A roadmap to deliver 100% renewable electricity in 10 years via solar thermal, wind power, and a unified national grid.

  • 60% solar thermal with molten salt storage
  • 40% wind power from proven turbines
  • $92B national grid link for renewables
  • Replaces 80% coal-fired electricity

 

Renewable sources could provide all of Australia's energy by 2020, says a new report.

 

That compares with Canberra's aim for 20 percent of the nation's power to come from renewables supported by renewable energy laws by 2020.

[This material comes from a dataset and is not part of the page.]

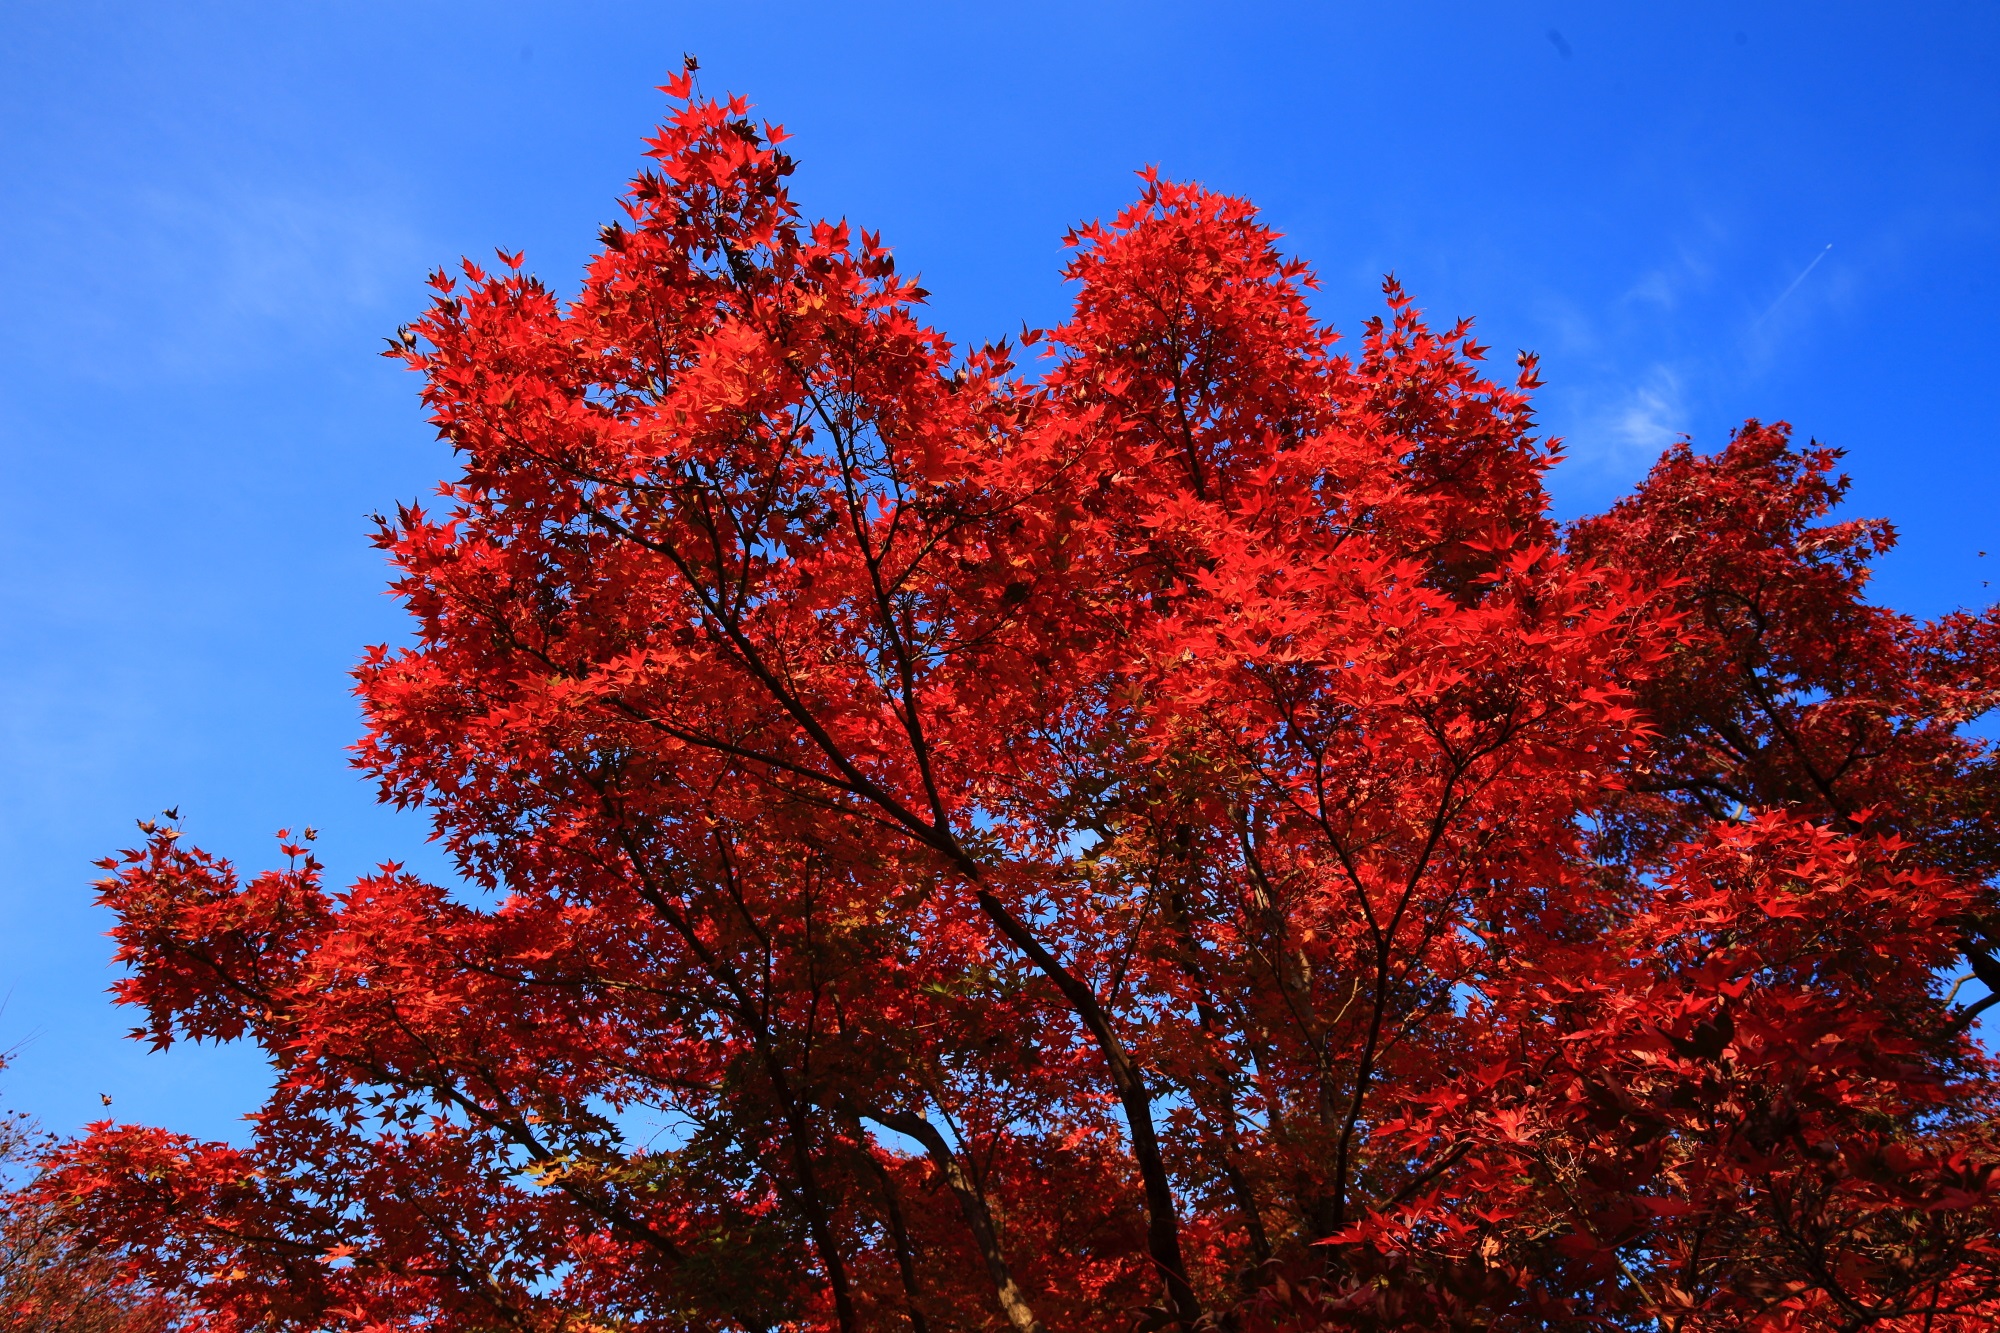 青空に映える鮮烈な赤さの紅葉

The report, launched by climate change campaign group Zero Carbon Australia, provides a detailed blueprint for transitioning Australia's stationary energy sector to 100 percent renewable energy sources within a decade.

The 10-year road map suggested in the Zero Carbon study focuses on technologies currently available such as wind power and large-scale thermal power.

The authors propose a mix of 60 percent of energy from solar thermal with molten salt storage and 40 percent from wind power capacity nationwide. Solar thermal plants are designed to store heat for nighttime when there is no sun.

But achieving the 100 percent renewables goal would depend on a $92 billion upgrade that would create a single national electricity grid to support Australia's energy transition linking the renewable projects to the city and urban areas. The authors liken that amount to about one cup of coffee per person each day during the 10-year transition.

The approach set forth in the study, to be published by the University of Melbourne's Energy Institute, "can win the hearts and minds of Australians and put us on track to restore a safe climate," said Matthew Wright, executive director of Beyond Zero Emissions in a release.

Coal-fired power stations, known for high carbon dioxide emissions, now generate about 80 percent of Australia's electricity. Wind and solar power, even as solar energy credits are reviewed nationally, account for less than 1 percent.

In an editorial published Tuesday on Australian Broadcasting Corporation's Web site, Beyond Zero Emissions' Director of Strategic Planning Pablo Brait and Director of Public Policy Leigh Ewbank were critical of Canberra's policy initiatives that focus on "pricing carbon pollution."

"The litmus test for credible climate policy will be whether or not it encourages the rapid deployment of renewable energy in Australia, not simply impose a price on carbon and hope for the best," they wrote.

In April Australia's emission trading scheme, aimed at cutting Australia's emissions by 5 percent of 2000 levels by 2020, was put on hold until 2013 or later.

It would have taxed high emission-producing companies and offset the charges with free emissions permits and financial compensation.

"Unlike emissions-trading schemes with offset provisions that delay action on renewable energy, the ZCA plan shows that we can start work today, as zero-emission electricity in Canada efforts also demonstrate today. The faster we build renewable energy capacity in Australia the faster the prices will fall, helping to make clean energy competitive with coal," Brait and Ewbank wrote.